Upon waking, the bright light hurts my head and it feels like tens of thousands of people have been partying in my head. I grab my head and sit up, my stomach hurts like hell but I sit up anyway. The first thing I notice is that I'm lying in a hospital bed, I'm hooked up to all kinds of machines I wouldn't know the name of even if I tried. Then, as I'm looking to my left, I can see Mycroft, my father sitting on one of those really uncomfortable chairs next to my bed and Sherlock is sitting next to him. Tears start to well up in my eyes at the sight of them, after this traumatic, frightening experience with Moriarty. I try to hug my dad and Sherlock but I can't get to them, it's like every time I move towards them, every time I reach out to them, they move back, away from me. I try to yell their names, tell them to look at me but my voice won't reach. I start to cry from desperation but my attention gets pulled towards the doctor that walks into the room, Mycroft and Sherlock still looking at me. As I focus on the doctor I suddenly recognise the sly grin and try to warn my dad but I still can't so the only thing I can do is watch as Moriarty plunges a dagger right through Mycroft's heart, the life slowly fading out of his sad and worried eyes as Moriarty stabs him once again. And how Sherlock, who tried to save his brother, is being shot by Sebastian. He slowly looks down at the bullet wound before falling down, losing blood too fast to be saved. I break down in tears and trying to get up and go to dad but I can't. Moriarty and Sebastian stand in between him and me as I hear him say his last words "Not… My… Daughter…". Moriarty laughs manically and the two of them charge at me and right before they attack I bolt up, awake from this nightmare.

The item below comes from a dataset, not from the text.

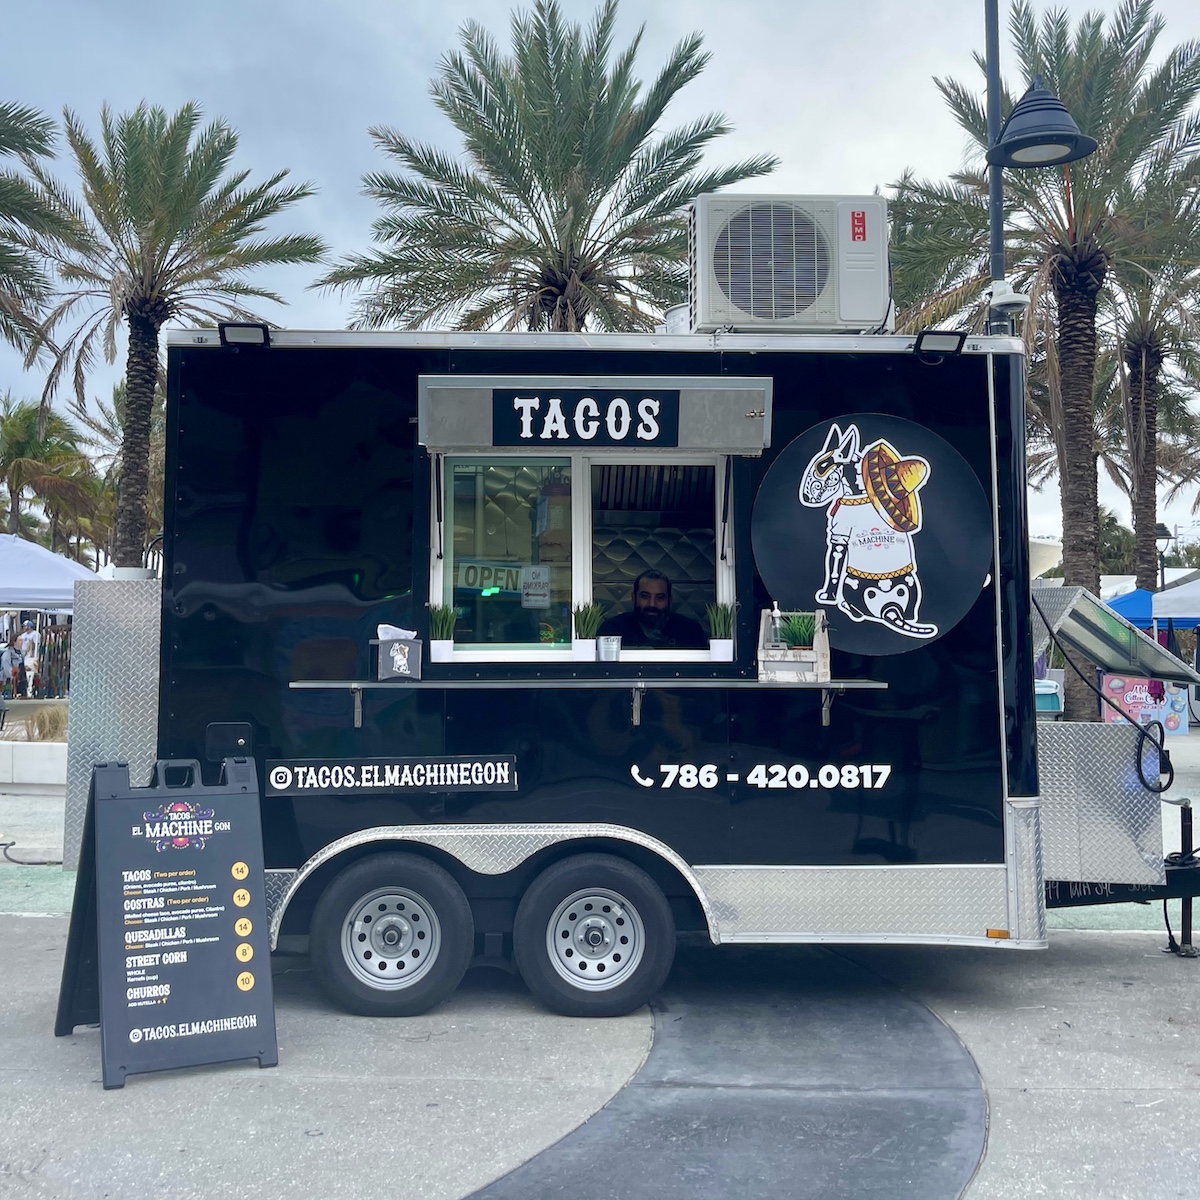 Tacos El Machine Gon Food Trailer

I look around and see that I'm in a way smaller room than my room in the villa. It's also much darker, the walls are grey, the curtains on the left side of the bed I'm currently lying in are black, the only thing with colour is the bed, a bright green colour, completely standing out between the dark colours. But taking a closer look, I can see the curtains have a hint of green in them as well. Also, there is a painting of a beautiful white rose on the wall the headboard of my bed is against. On the wall opposite of me, there are two doors, one for a bathroom again probably and the other leading to a hallway. Which one is which, I don't know yet. The only thing I'm missing from the room I had before is the wardrobe. With a rapid knock on the door, all my attention is pulled to the left door of the two. I sit up straight and wait for the person on the other side of the door to come in. Somewhere I hoped James came in, but I've got disappointed when I saw the Henchman Sebastian come in.

"Oh good, you're awake again. How are you feeling? Do you like this new place you're staying in?" He smirks and leans against the wall.

I roll my eyes and sigh, "I am awake, how amazing that you noticed that!" He moves closer to my bed and towers above me.

"That's some strong talk from someone who's been kidnapped and still has to rely on us to stay alive. I'd tone it down a whole lot if I were you."

I smirk, "Well, you still need me alive to get to Sherlock and my dad. So you can't hurt me now, can you."

Sebastian's expression turned sour for a moment but then he grinned just as devilish as James can, "But darling, that I can't kill you doesn't mean I can't hurt you…" As I gasp he walks back towards the door but stops right before leaving. "Right, James said he advises you to stay in your room tonight, if you don't there will be consequences, for both you and me so I'd better stay there." And with that, he left.

As Sebastian walks out of my room, my head starts running off in many different directions, why would James want me to stay in my room? Why would there be consequences for him as well? And will Sherlock get my message?